Originally childhood friends from town Byaroza, Belarus (a former Soviet republic) the band members relocated to San Francisco seeking opportunities to "live the American dream"  as musicians and due to political and social issues in Eastern Europe. Liberated by their new San Francisco home, the band, a taut unit of musicians and songwriters weaned on American indie rock were able to create more freely. A live wall of sound, Kiwi Time is built on raw-boned energy and the unflinching focus of lead singer and guitarist Yoga Shyp, the unstoppable rhythm section of singer/bassist, Anna Makovchik and drummer Vlad Kukharchuk, and the swirling vibrations of Mikalai Skrobat on keyboards and guitar.

In 2013, Kiwi Time signed with Granted Access Inc., a music label, the Bay Area's premier music and video label and production studios, a division of Baynetwork Inc., one of Silicon Valley's top IT hardware re-sellers and managed IT service companies.
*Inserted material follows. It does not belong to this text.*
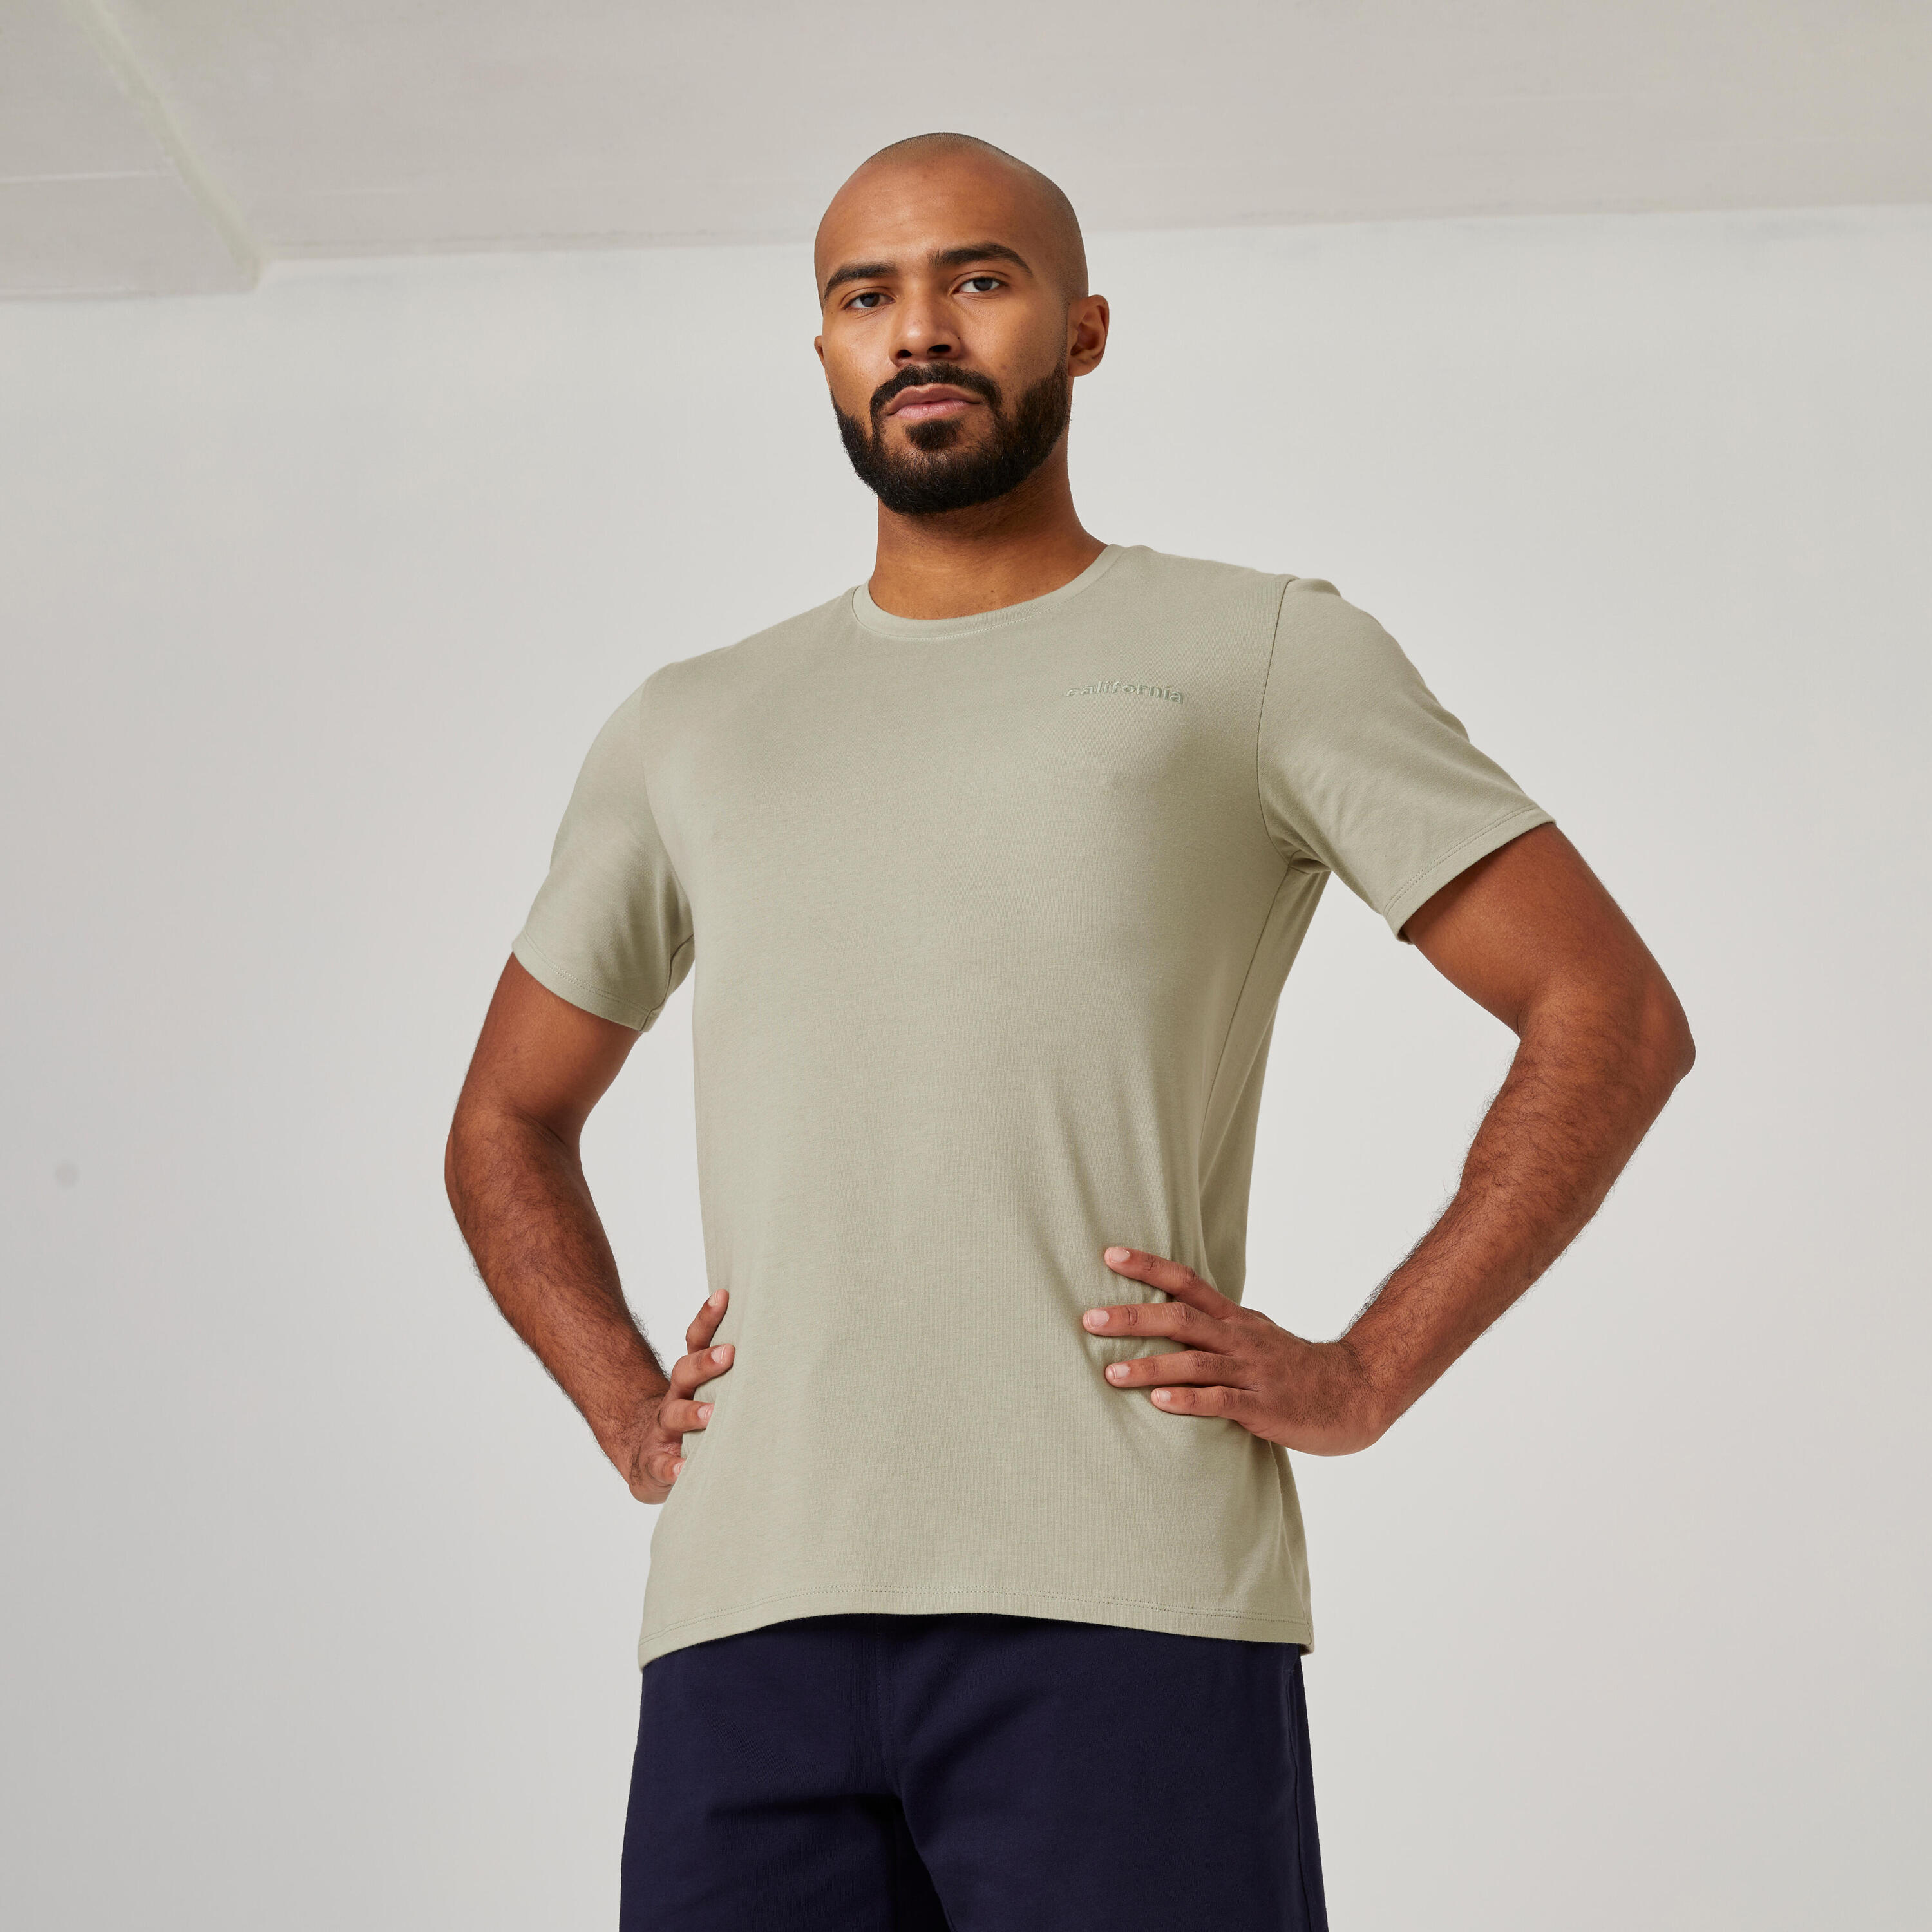 DOMYOS Men's Short-Sleeved Straight-Cut Crew Neck Cotton Fitness T-Shirt 500 - Sage Grey

Their 5 track EP "It’s Kiwi Time"  was produced by Dan Shea (producer) who is known for his work with Mariah Carey, Janet Jackson, Carlos Santana, Rob Thomas, Bono, Robin Thicke, Martina McBride and many others. As a producer, composer, and multi-instrumentalist, Dan Shea's albums have sold over 150 million copies worldwide.  The new release infuses a memorable dance-rock rhythm with the energy of their live show.

In September 2014, the band performed in Los Angeles's legendary The Viper Room.
And in Jan 2015 was named by Emerging bands magazine as one of the top 100 bands in the world to make it in 2015.

Collaborations

In the summer of 2014, the band collaborated with legendary hip-hop producer and artist Sir Mix-a-Lot on a track called "If I Can" that was released in early November.

Awards and recognition

In 2013, Kiwi Time were the winners of the Stoneski Battle of the Bands. In 2014, the band won first place at the ArtRockX band competition. They also headlined at the Red Marines Music Festival and have played shows in Los Angeles and New York. As a result, the band was featured on Live 105's Top Ten Local Bands in San Francisco.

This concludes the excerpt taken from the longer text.